Paul R. Welch, of Costigan & Wollrab, of Bloomington, for appellant.

*570Ronald C. Dozier, State’s Attorney, of Bloomington (Marc D. Towler and Karen L. Boyaris, both of State’s Attorneys Appellate Service Commission, of counsel), for the People.

Mr. PRESIDING JUSTICE REARDON

delivered the opinion of the court:

On March 13, 1978, the defendant, Mattie Christine Goodman, was indicted with two counts of murder for the death of her husband, Gene Goodman, in violation of section 9 — 1 of the Criminal Code of 1961 (Ill. Rev. Stat. 1977, ch. 38, par. 9 — 1). Following jury trial, defendant was found guilty of voluntary manslaughter and was subsequently sentenced to 7 years’ imprisonment.

At trial, defendant testified that on the evening of February 16,1978, she arrived home after work at approximately 5 p.m. At home were the couple’s son and youngest daughter, David and Nancy Goodman. Shortly before 7 p.m., her husband, the decedent, a Bloomington police sergeant, arrived home on break from his 3 to 11 p.m. shift to eat supper. While in the kitchen, the defendant asked the decedent if they might try to reconcile their marital problems, but decedent said that he wanted to proceed with the dissolution which had been initiated for a second time. They agreed to split the marital property equally and defendant said she and the children would move out of the house. After the decedent returned to work, defendant asked David and Nancy if they knew where the key to the decedent’s foot locker was kept. David returned with the key and opened the foot locker, which was located in the bedroom. The defendant and David and Nancy looked through the contents of the foot locker, finding two cards bearing the name of “Carroll.” Although unaware of Carroll’s identity, defendant believed this to be the decedent’s current girlfriend. Defendant then called her attorney, telling him that she had evidence which would support the filing of adultery charges in the pending dissolution proceeding. Both David and Nancy subsequently retired to bed. Defendant went to bed in the couple’s bedroom around 11:30 p.m.

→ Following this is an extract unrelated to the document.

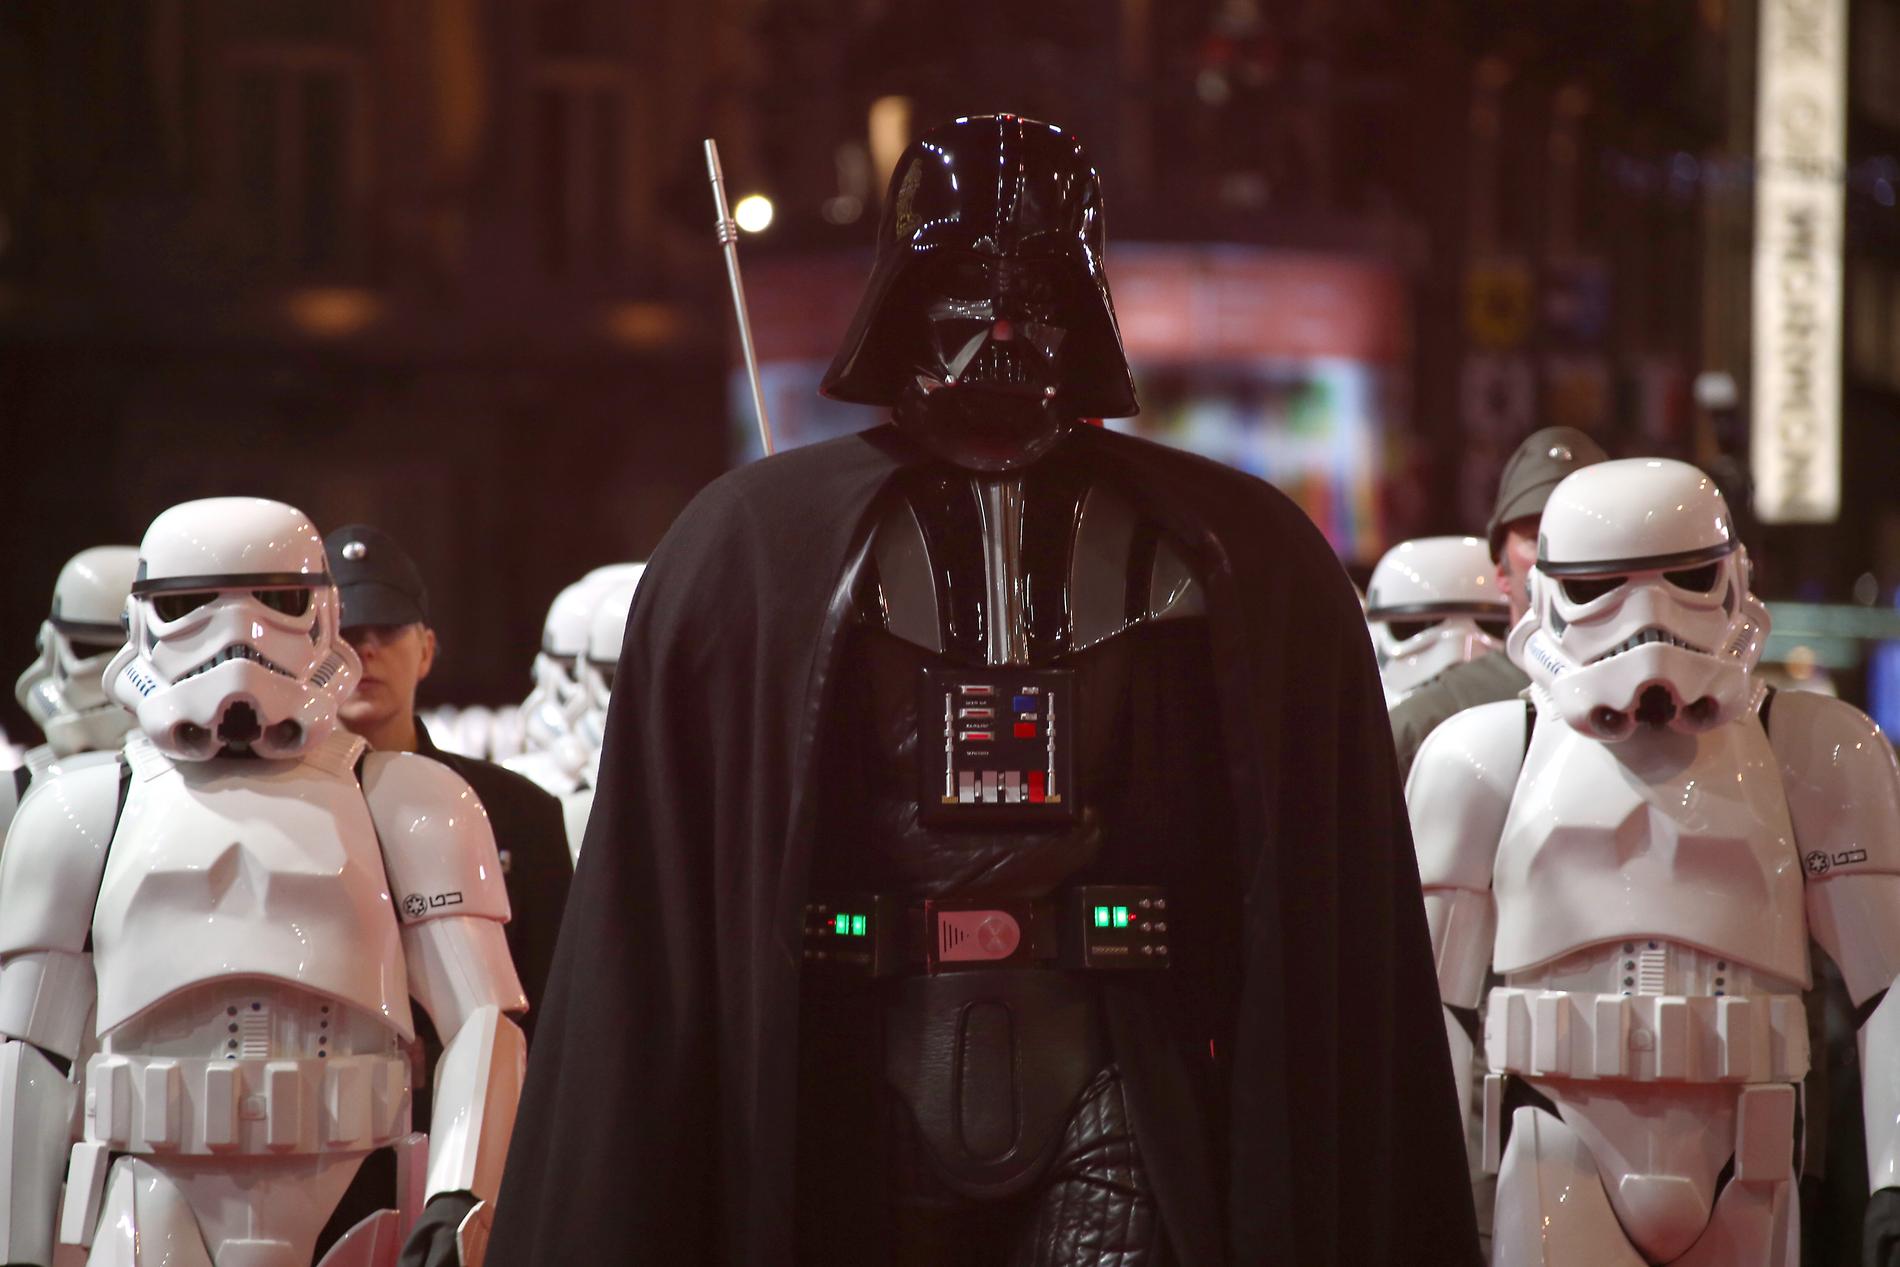 Människor utklädda till Darth Vader på premiären av ”Star Wars: The Force Awakens”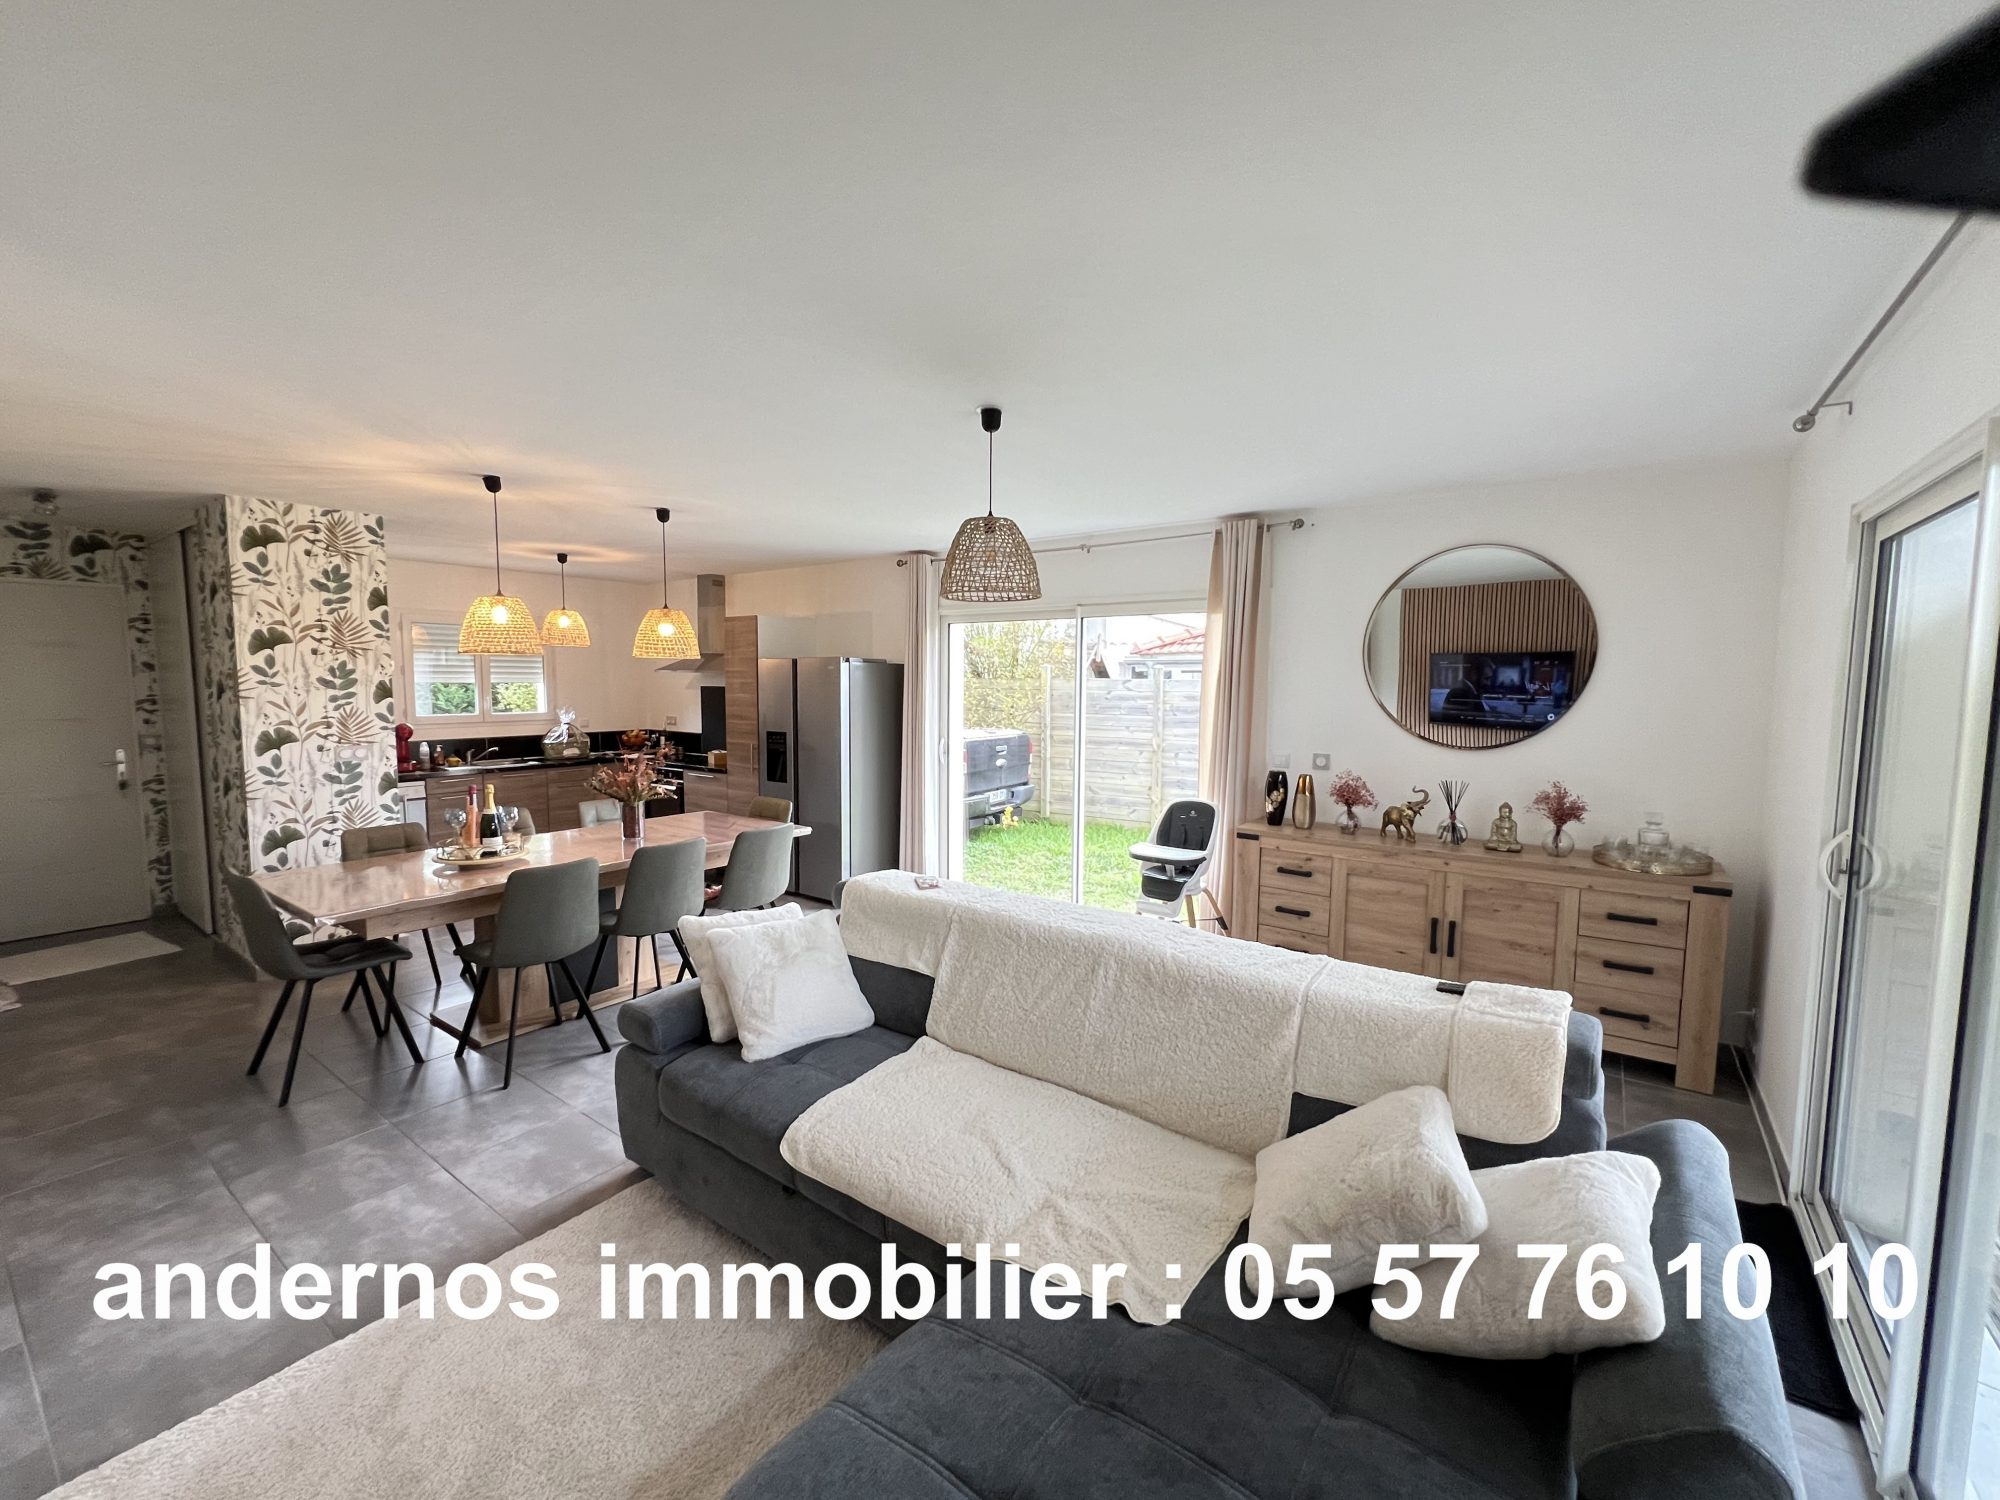 Vente Maison 90m² 4 Pièces à Andernos-les-Bains (33510) - Andernos Immobilier

Around 4:30 a.m., the defendant heard the decedent come home. The decedent came into the bedroom, took off his gun belt, and laid it on the top of the chest of drawers. As was her custom, defendant left the marital bedroom in accordance with her husband’s wishes that she leave when he arrived home from work. According to the defendant, the decedent called obscenities at her as she left the room. She proceeded then into the adjacent bedroom where Nancy slept, turned off the alarm clock, and observed that it was 4:40 a.m. She next went into the living room, where she rested until it was a few minutes after 5 a.m., her usual *571time for rising. Defendant walked back into the couple’s bedroom to get her back brace and to get ready for work.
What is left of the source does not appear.